One frigid, snowy day last winter when Dan was down and out with a cold, his sister Trisha brought over a big tunjura (a big pot) of vegetable soup. It’s the kind of soup that wouldn’t typically get me to turn my head, thinking from the looks of it that it’s just all about duty, and not so much about desire. If I saw this soup on a menu, I’d go for the other one. I know I sound like the children in the family, who I always try to talk out of their culinary hesitations.
I served Dan a huge bowl and decided I wasn’t so hungry myself.
The next day, lunch came around and the soup was there. I thought I’d better eat a bowl to help me avoid catching Dan’s pestilence, a duty to myself. I warmed up one ladle-full–that’d be plenty of what seemed like stew with all of the chickpeas and kale, the tomatoes and corn too. My own sister Peg will tell you that I am not partial to stew, pretty much ever. She knows this because it is among her favorites to make and eat, and she is offended that I don’t feel the same.
But Trisha, she hit her stew/soup with cayenne, which contrasts perfectly with the sweetness of the butternut squash. I think she had even called it squash soup, which is almost always a cream-based pureed soup of the sort I am drawn to, but the sort that my constitution will not let me eat (at all). It was a refreshing change to see the squash as one element among many in a brothy, good-for-you base.

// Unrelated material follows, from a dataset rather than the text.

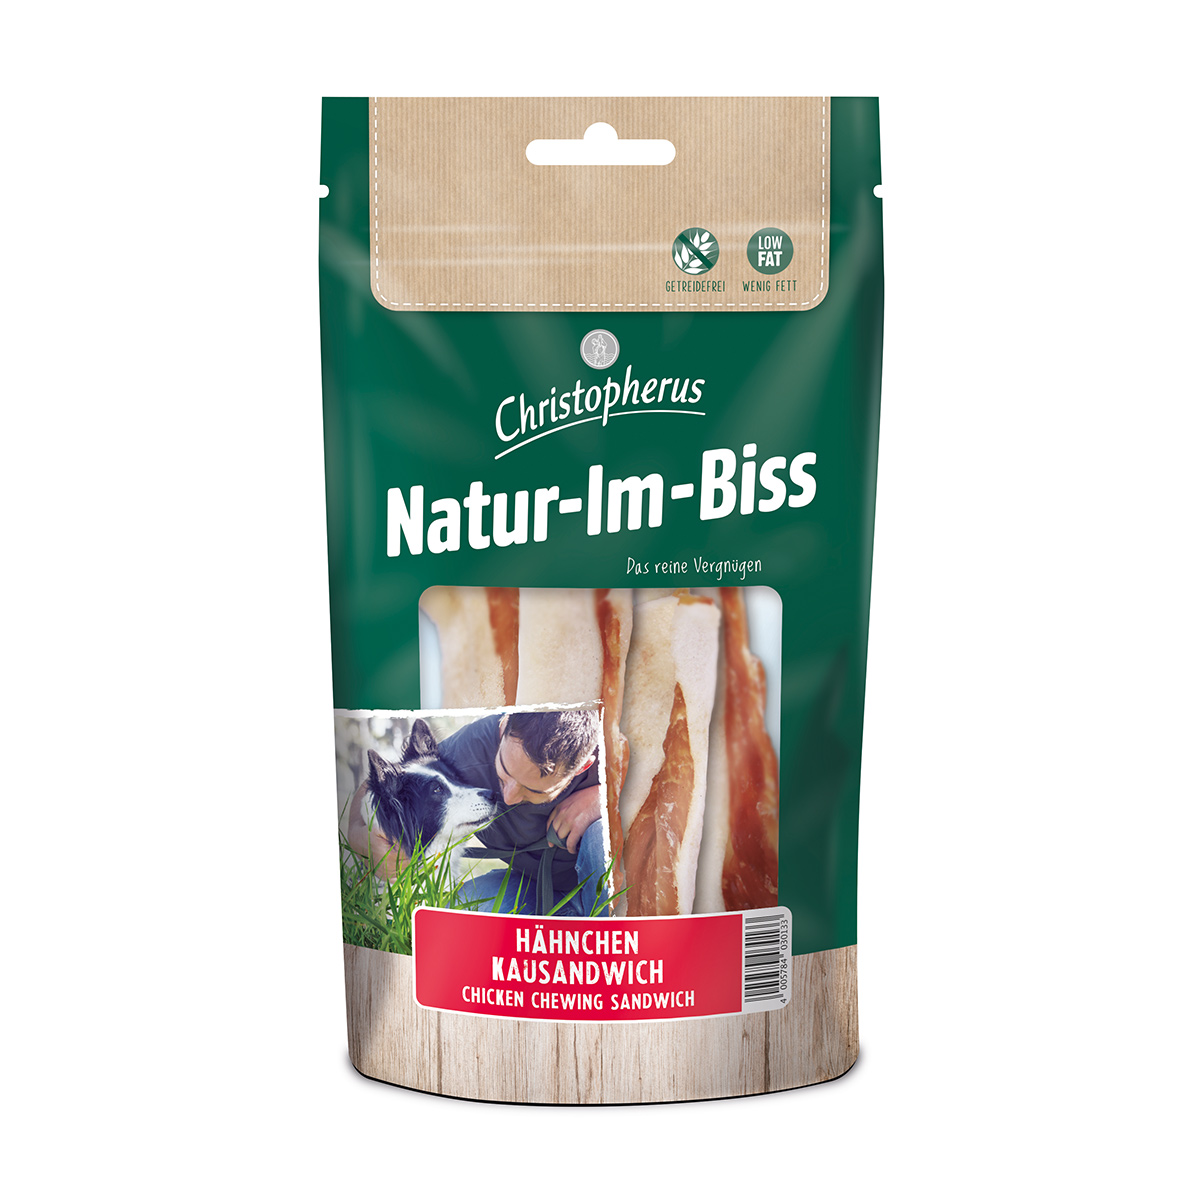 Christopherus Natur-Im-Biss žvýkací sendvič, 70 g

My first spoonful was lazy and indifferent, taken while I did something else. What I tasted was so excellent, I had to stop what I was doing and focus. With every bite my mind and taste buds were at work to figure out what was going on in there so I could recreate it. There was a hefty helping of chickpeas, and the pot was finished off with a shower of curly kale. The chickpeas gave me every right to consider this a Lebanese-style soup (that’s how I am with ingredients: if one of our favorites is in there, then Lebanese it is. Call it selfish or creative or what you will. I call it claiming our own for our own…).
This soup-of-obligation turned out to be absolutely delectable soup, Lebanese soup!, a soup I finished off right then and there, much to Dan’s disappointment when he came home that night thinking of a big bowl for himself.
I should have known the soup would be this good. Trisha got the initial recipe from our sister-in-law Diane, another superb cook, and when food starts making the rounds in the family like that, you know there is a reason: it tastes great.
When I asked for the recipe, Trisha talked about the ease of it, how you toss in what you have on hand in the way of vegetables, and stalk your pantry and freezer for staples like diced tomatoes and corn. She had creamed corn on the shelf that day and used it, so that’s what I always use now too. If your grocery sells diced fresh butternut squash, the soup practically makes itself.
As for the kale, well, Dan has left every kale attempt I’ve made for him uneaten on the plate. He tries to hide it under a piece of pita.
But here in our Lebanese vegetable soup, the kale is so key to texture and goodness that I keep adding more every time I reheat the pot so there will be plenty of kale in every bowl. Dan says if kale can taste like that, he loves kale. It’s like adding the chard to our Garlicky Lentil Soup—it takes everything up not one or two notches, but all the way from duty to delicious.
- 2 tablespoons extra-virgin olive oil
- 1 small yellow onion, diced
- 2 medium carrots, diced
- 2 celery stalks, diced
- 2 teaspoons kosher salt, plus more as needed
- 2 cups diced butternut squash
- 2 cups or 1 16-20 ounce can chickpeas
- 2 cups or 1 16-20 ounce can diced tomatoes
- 2 cups or 1 16 ounce can corn or creamed corn
- 6 to 8 cups vegetable or chicken stock
- 4 sprigs fresh thyme
- Freshly ground black pepper
- ¼ teaspoon cayenne pepper
- 1 tablespoon honey
- 5-6 cups coarsely chopped kale
- In a large soup pot (5-quart or larger), warm the olive oil over medium heat. Add the onion, carrots, celery, and a teaspoon of salt and stir to coat with the oil. Cover and cook, stirring occasionally, until the vegetables are soft but not browned.
- Stir in the butternut squash and cover the pot again, cooking and stirring occasionally for a minute or two, until the squash just begins to soften. Add the chickpeas, tomatoes, corn, stock and thyme. Season with black pepper, cayenne pepper, and honey and stir well. Cover the pot and simmer on medium-low heat for about 20 minutes.
- Taste and adjust seasoning. Stir in the kale and cook for about 5 minutes, or until the kale is softened. Pull out the thyme stems from the pot, and serve the soup warm.